– Nie mury, tylko człowieczeństwo się liczy – mówi Władysław Grochowski, prezes grupy Arche, jednej z największych sieci hotelarskich w Polsce. W liście otwartym do polskiego rządu deklaruje gotowość przyjęcia 100 rodzin uchodźców z polsko-białoruskiej granicy.
– Spać nie mogę spokojnie przez to, co się tam dzieje – przyznaje na wstępie biznesmen, którego firma ma już 15 hoteli w Polsce, a jeden z nich to wielki Zamek Biskup w Janowie Podlaskim. Oprócz tego, prowadzi też działalność deweloperską.
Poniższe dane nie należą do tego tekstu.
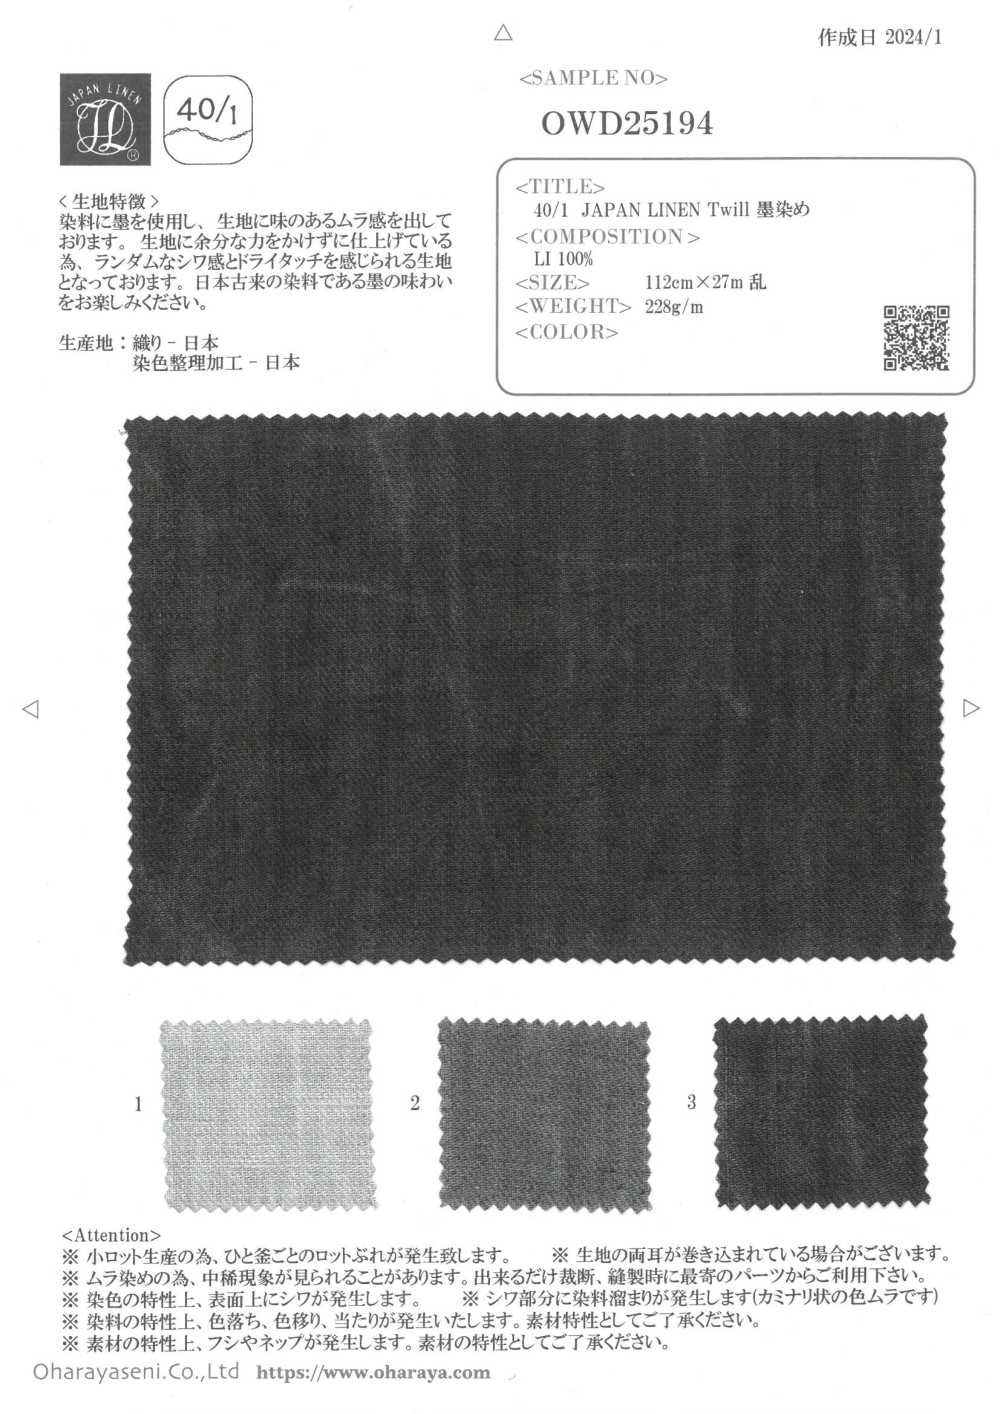 OWD25194 40/1 JAPAN LINEN 斜纹 墨染[面料] 小原屋繊維

– Napisałem ten list, bo czułem taką potrzebę i niezależnie od konsekwencji chciałem podzielić się opinią. Jakoś po latach różnych doświadczeń staję się coraz bardziej odważny – nie ukrywa Grochowski, który nie jest związany z żadną partią polityczną.
I rzeczywiście, jest odważnie. „Nie zgadzam się na budowę muru, zasieków, poniżanie godności człowieka, skazywanie na jakąkolwiek formę cierpienia, dyskryminację i inwigilację, brak komunikacji z najbliższymi, tylko dlatego, że nie są Polakami, że pochodzą z krajów o odmiennej kulturze religijnej. To, co się tam dzieje (…) to wstyd dla nas. (…) Ważni są ludzie, ich życie, ich istnienie. Ich ludzka godność” – pisze prezes grupy Arche w liście opublikowanym na łamach wtorkowej „Rzeczpospolitej”.
– Stawianie murów nie rozwiąże tego problemu. Historia już to przerabiała. Później te mury burzyliśmy, a teraz powrót do tego. Niestety, politycy mają absurdalne pomysły – nie ukrywa nasz rozmówca. Już wcześniej miał propozycję dla polskiego rządu. – Na samym początku tego kryzysu migracyjnego, gdy w Usnarzu Górnym koczowała grupa cudzoziemców, proponowałem, że po cichu przyjmę tych ludzi. Chciałem zrobić to dyskretnie. Ale nikt nie był zainteresowany – relacjonuje Władysław Grochowski.
Tym razem propozycja jest bardziej zaskakująca. – Jesteśmy w stanie przyjąć 100 rodzin uchodźców, a nawet więcej. Od zaraz, możemy dać pracę w naszych hotelach i zakwaterowanie 200 osobom. Możemy je przeszkolić w różnych częściach Polski, tam, gdzie mamy nasze obiekty – deklaruje szef sieci. – Moja żona mówi, że nawet do domu jesteśmy w stanie przyjąć rodzinę cudzoziemców – podkreśla.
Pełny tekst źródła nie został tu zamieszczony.